** Data follows **
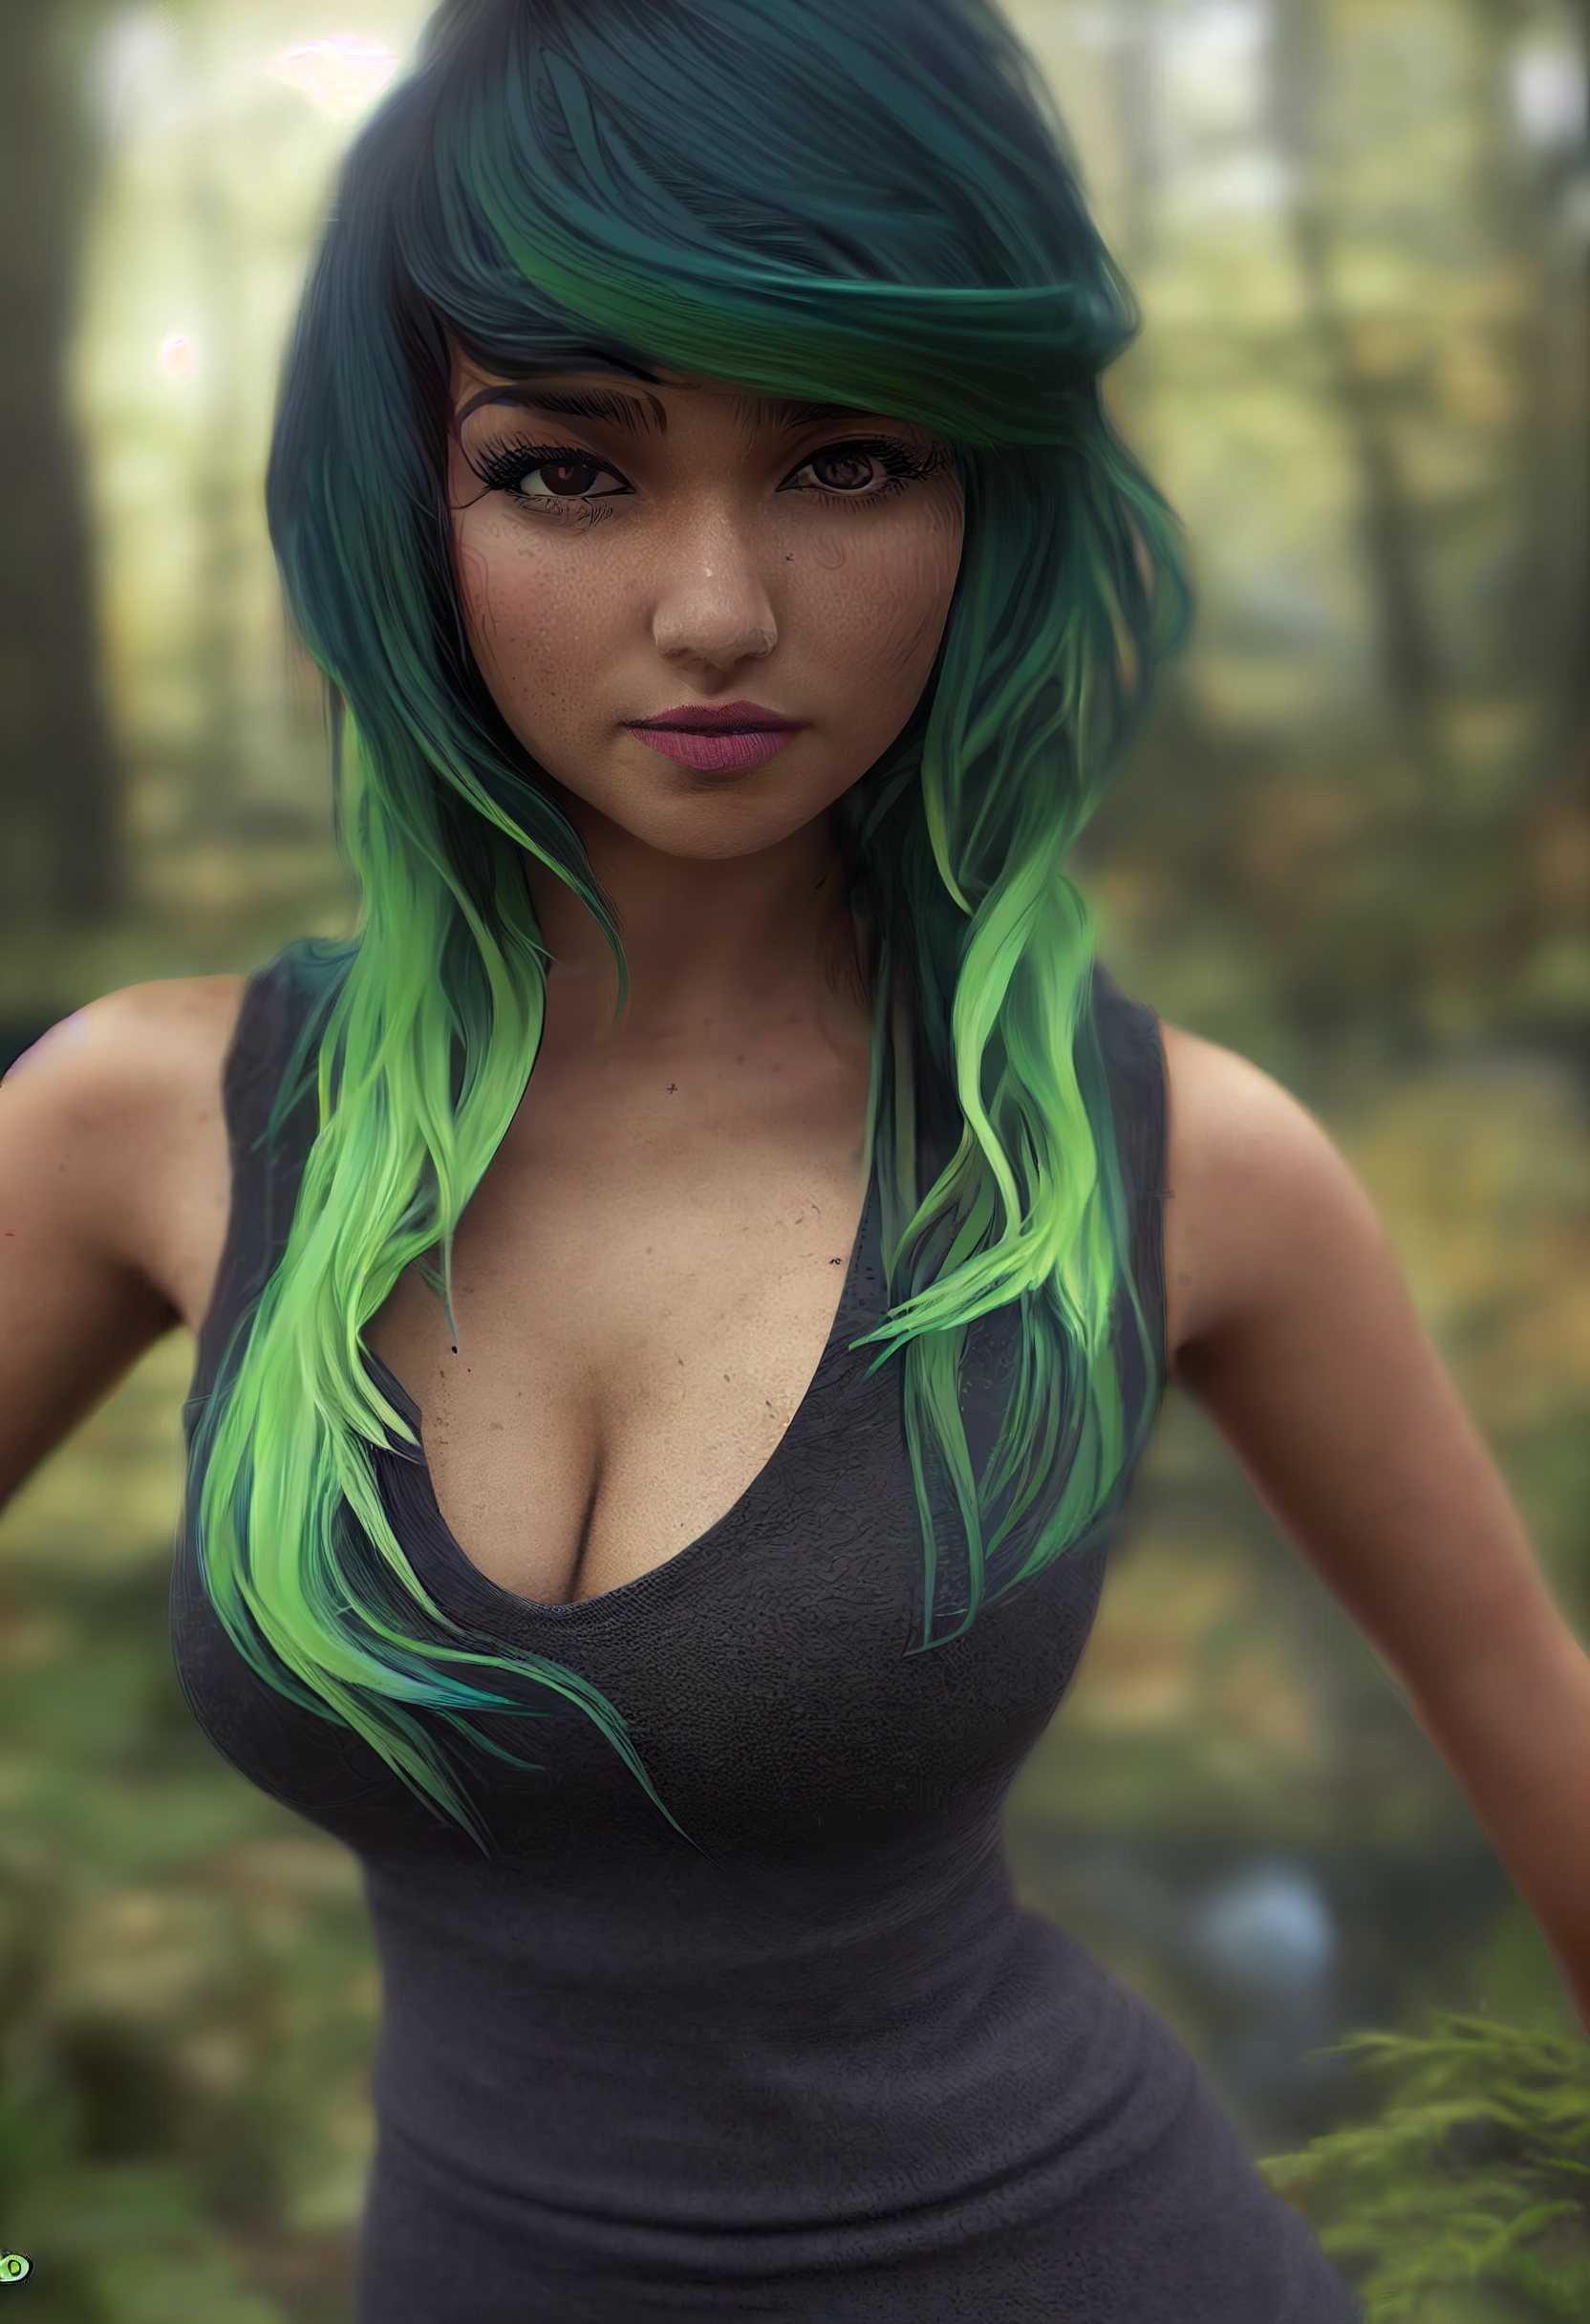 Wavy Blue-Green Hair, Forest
** End of Data **
** Data follows **
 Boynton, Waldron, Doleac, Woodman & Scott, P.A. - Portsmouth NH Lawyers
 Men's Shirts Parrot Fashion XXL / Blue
** End of Data **
** Data follows **
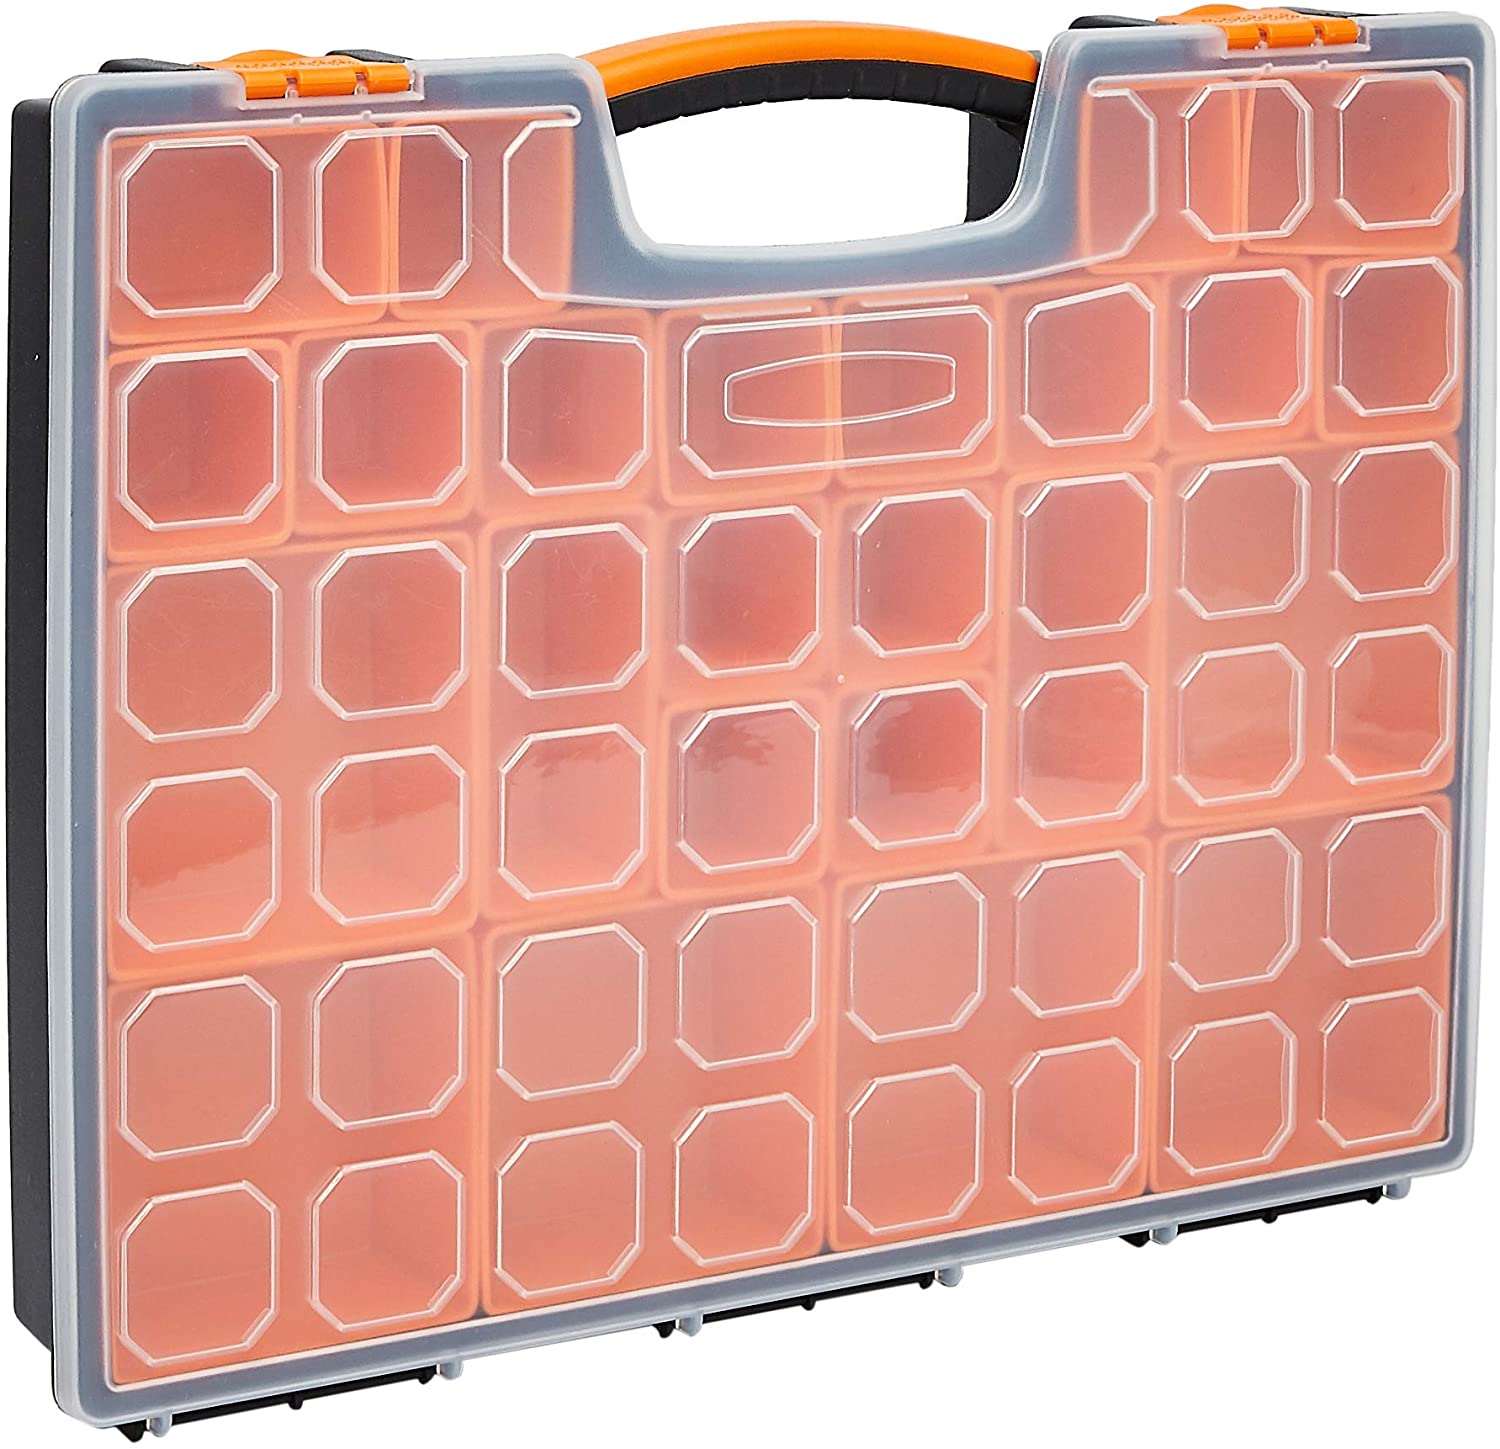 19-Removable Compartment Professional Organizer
** End of Data **
#### What needs to be done
In the material above, locate the line containing "Boynton, Waldron, Doleac, Woodman" and the line containing "Men's Shirts Parrot Fashion XXL / Blue". Transcribe exactly those two lines and every line between them, and nothing more.

#### Answer for the task
 Boynton, Waldron, Doleac, Woodman & Scott, P.A. - Portsmouth NH Lawyers
 Men's Shirts Parrot Fashion XXL / Blue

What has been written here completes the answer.